# Exercise data
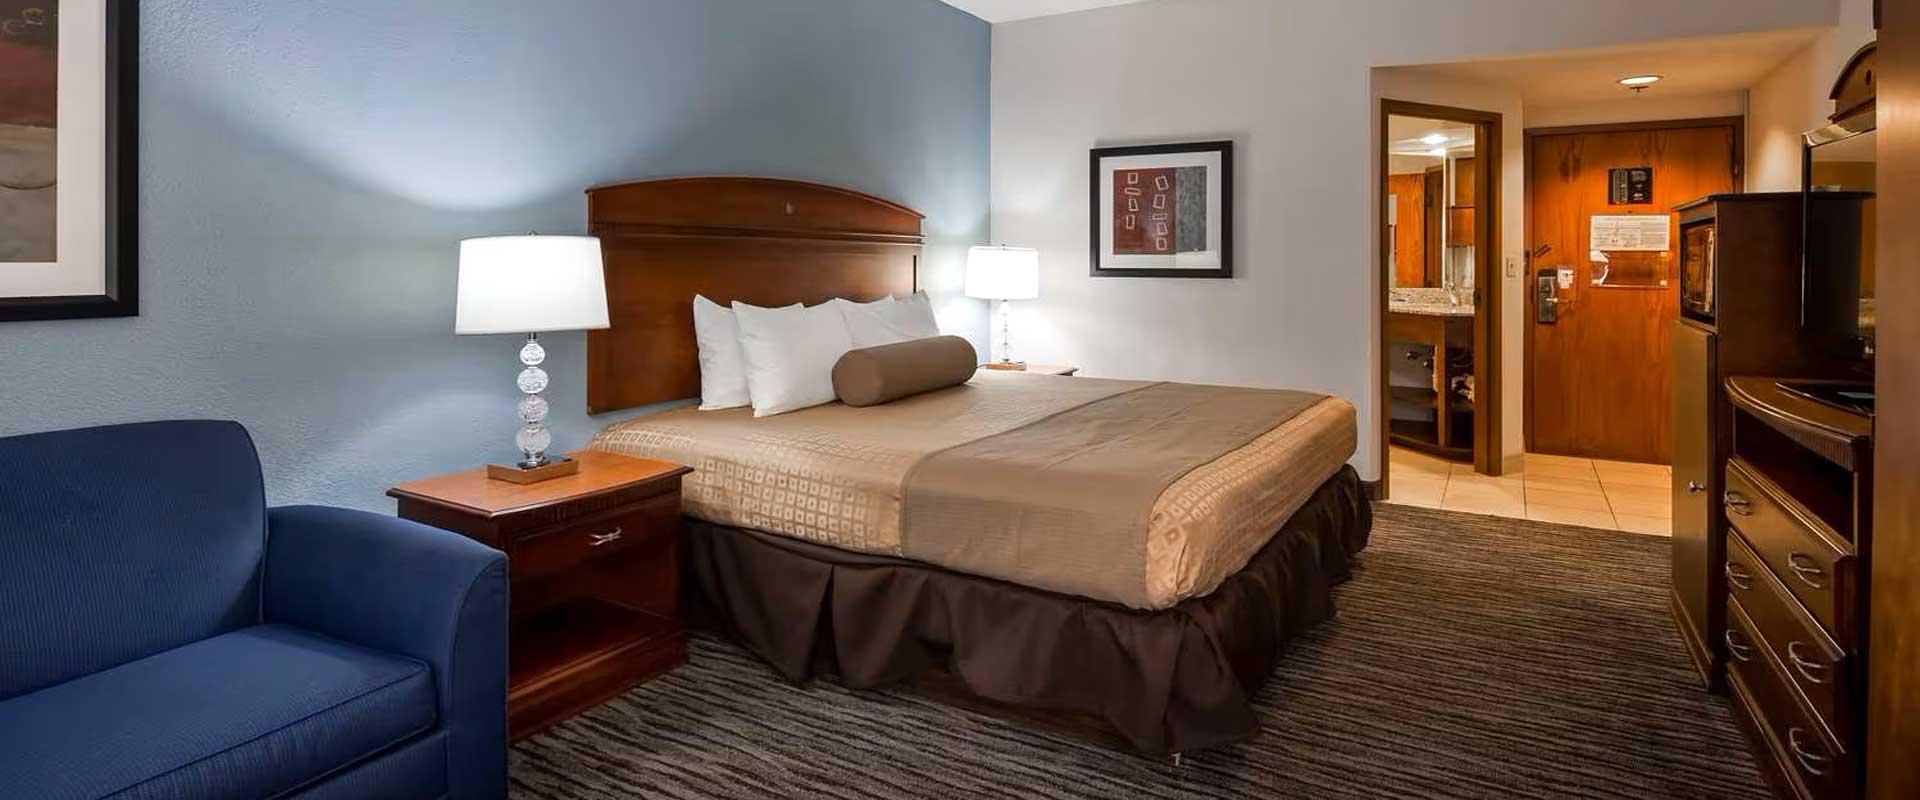 The Hotel at Dayton South | Dayton Reasonable Rates Newly Remodeled
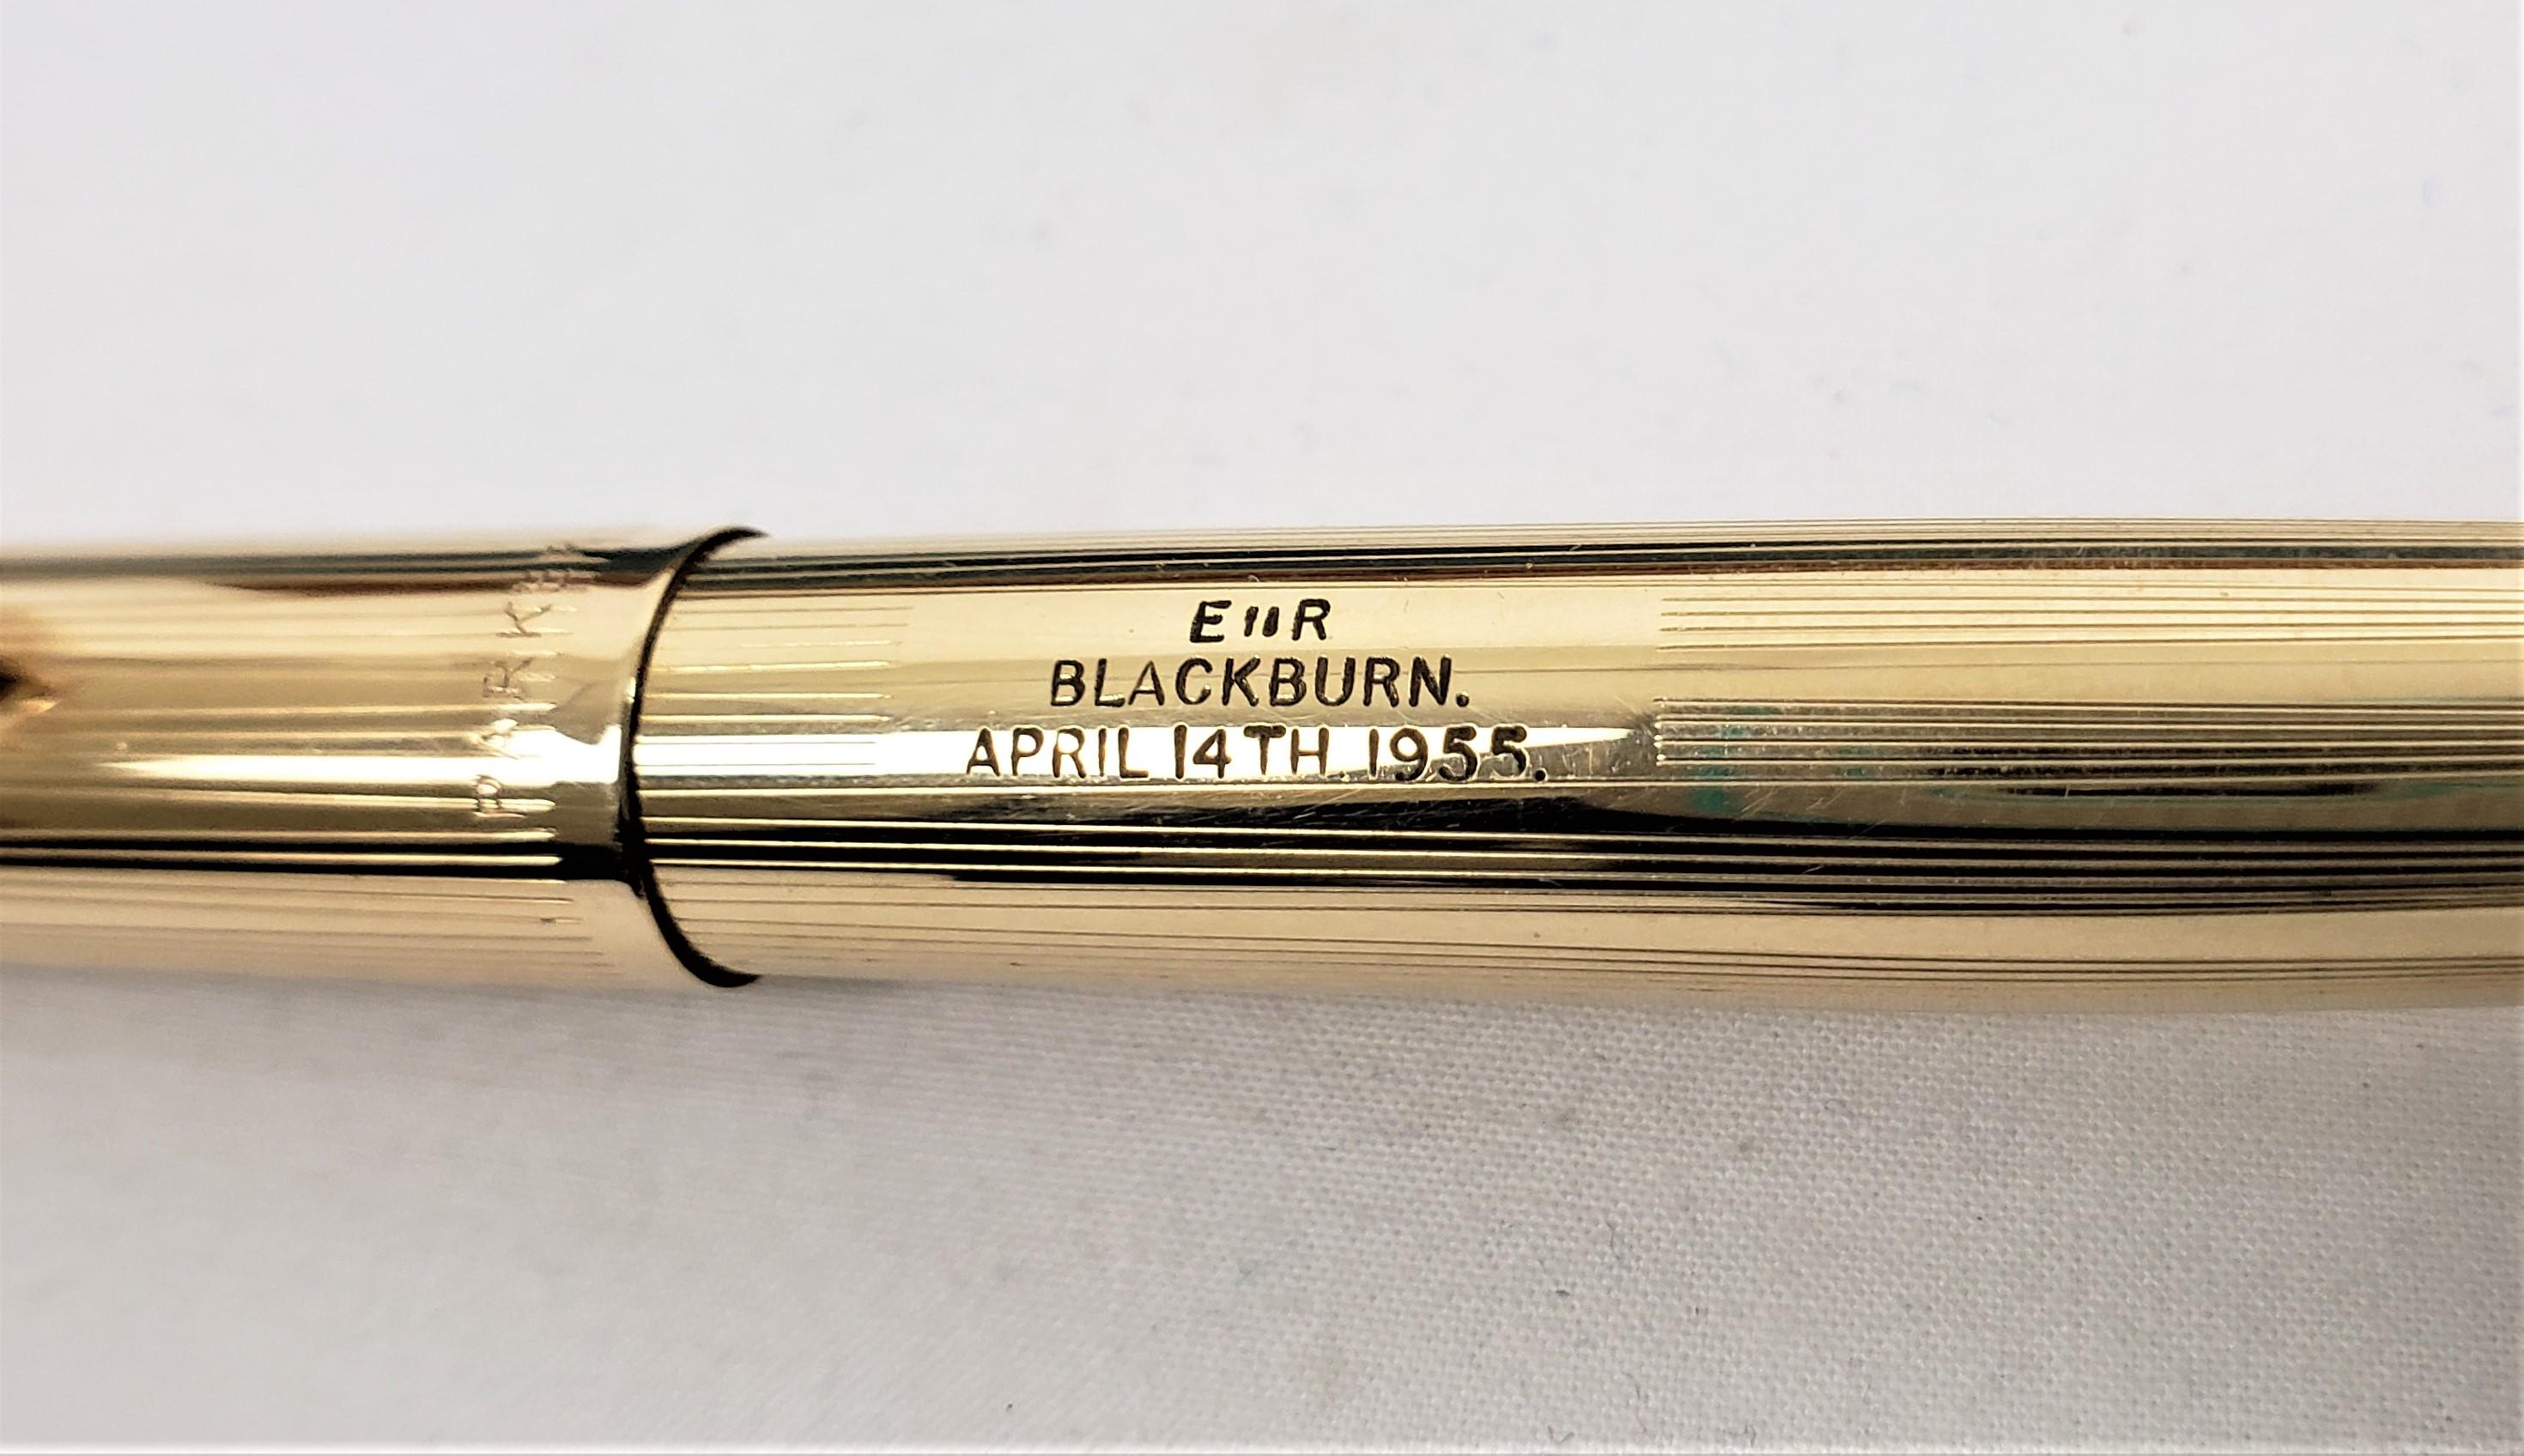 Machine-Made Queen Elizabeth II Used & Presented Parker Gold Filled Pen from Blackburn Visit
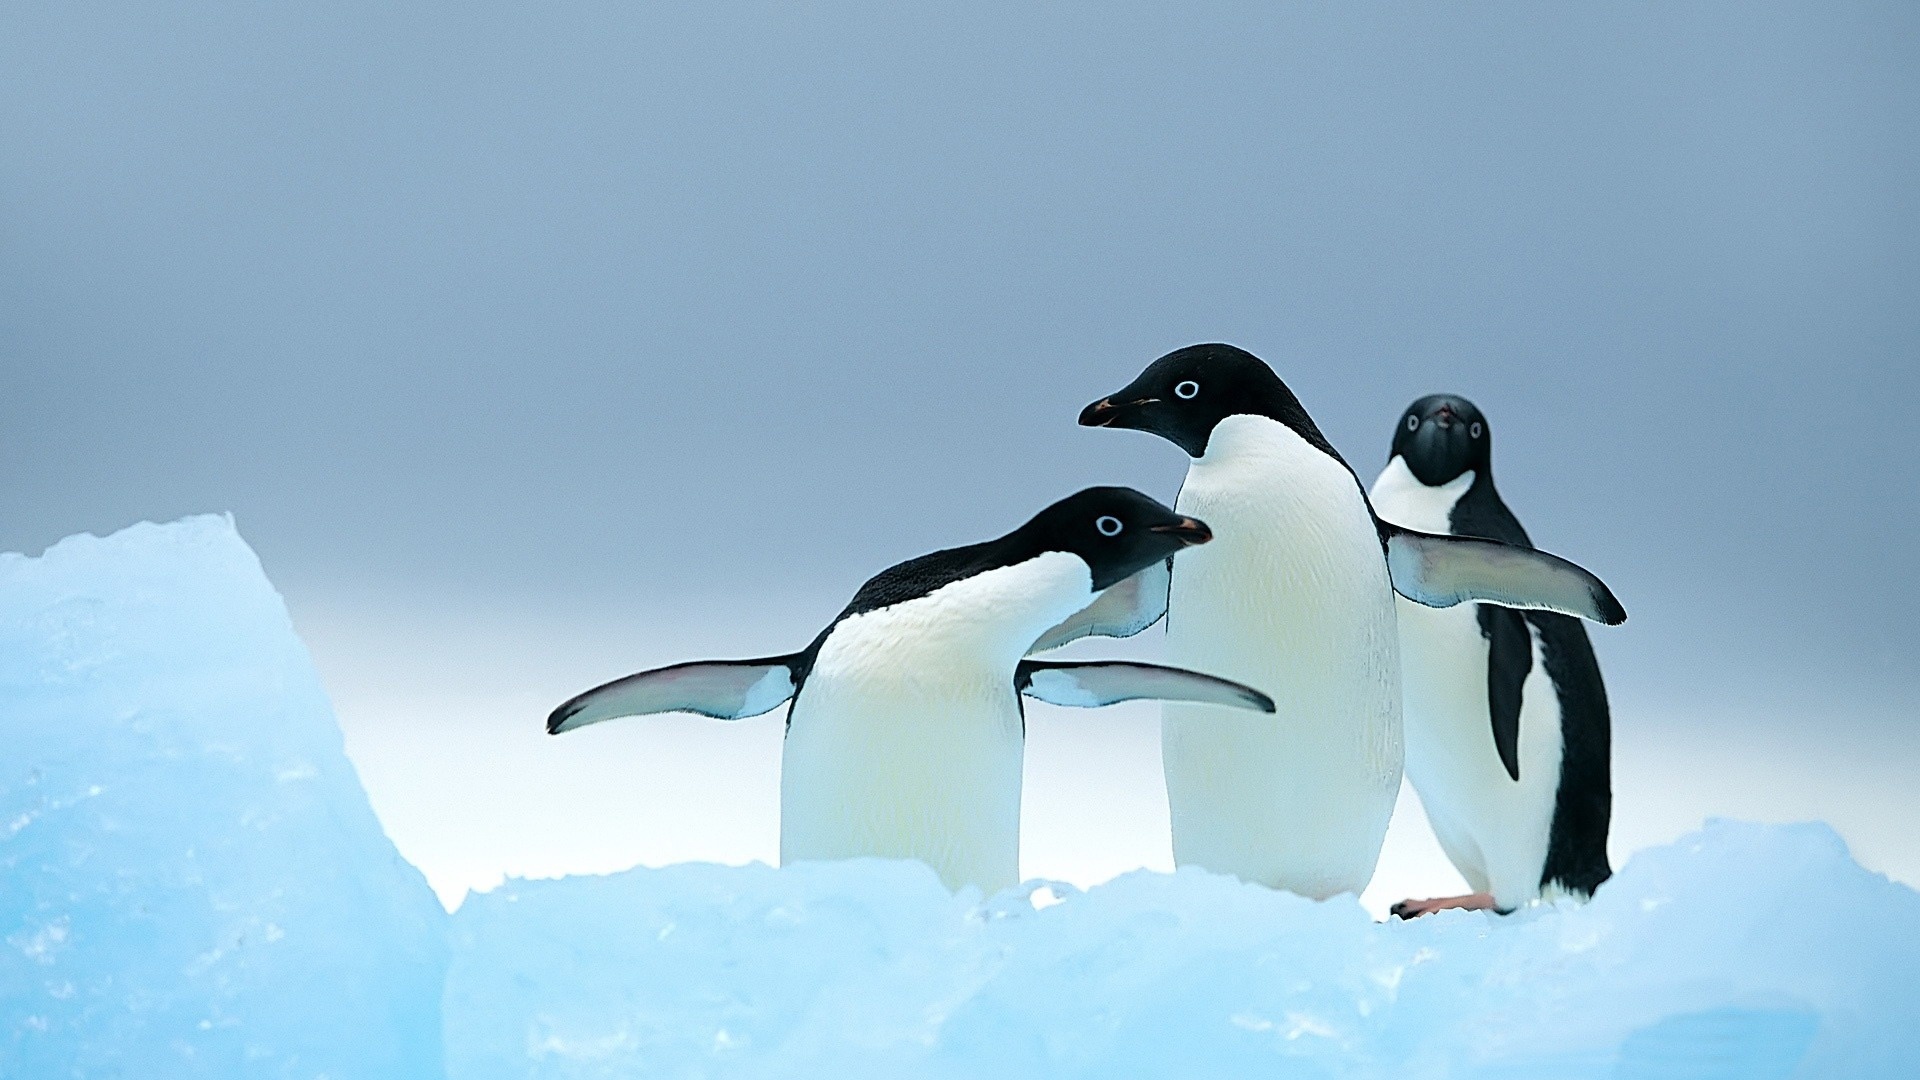 Cute penguins, Kawaii art, Adorable desktops, Penguin lovers' delight, 1920x1080 Full HD Desktop

# Your task
Omit the pictures and output all remaining material exactly.

# Written solution
 The Hotel at Dayton South | Dayton Reasonable Rates Newly Remodeled
 Machine-Made Queen Elizabeth II Used & Presented Parker Gold Filled Pen from Blackburn Visit
 Cute penguins, Kawaii art, Adorable desktops, Penguin lovers' delight, 1920x1080 Full HD Desktop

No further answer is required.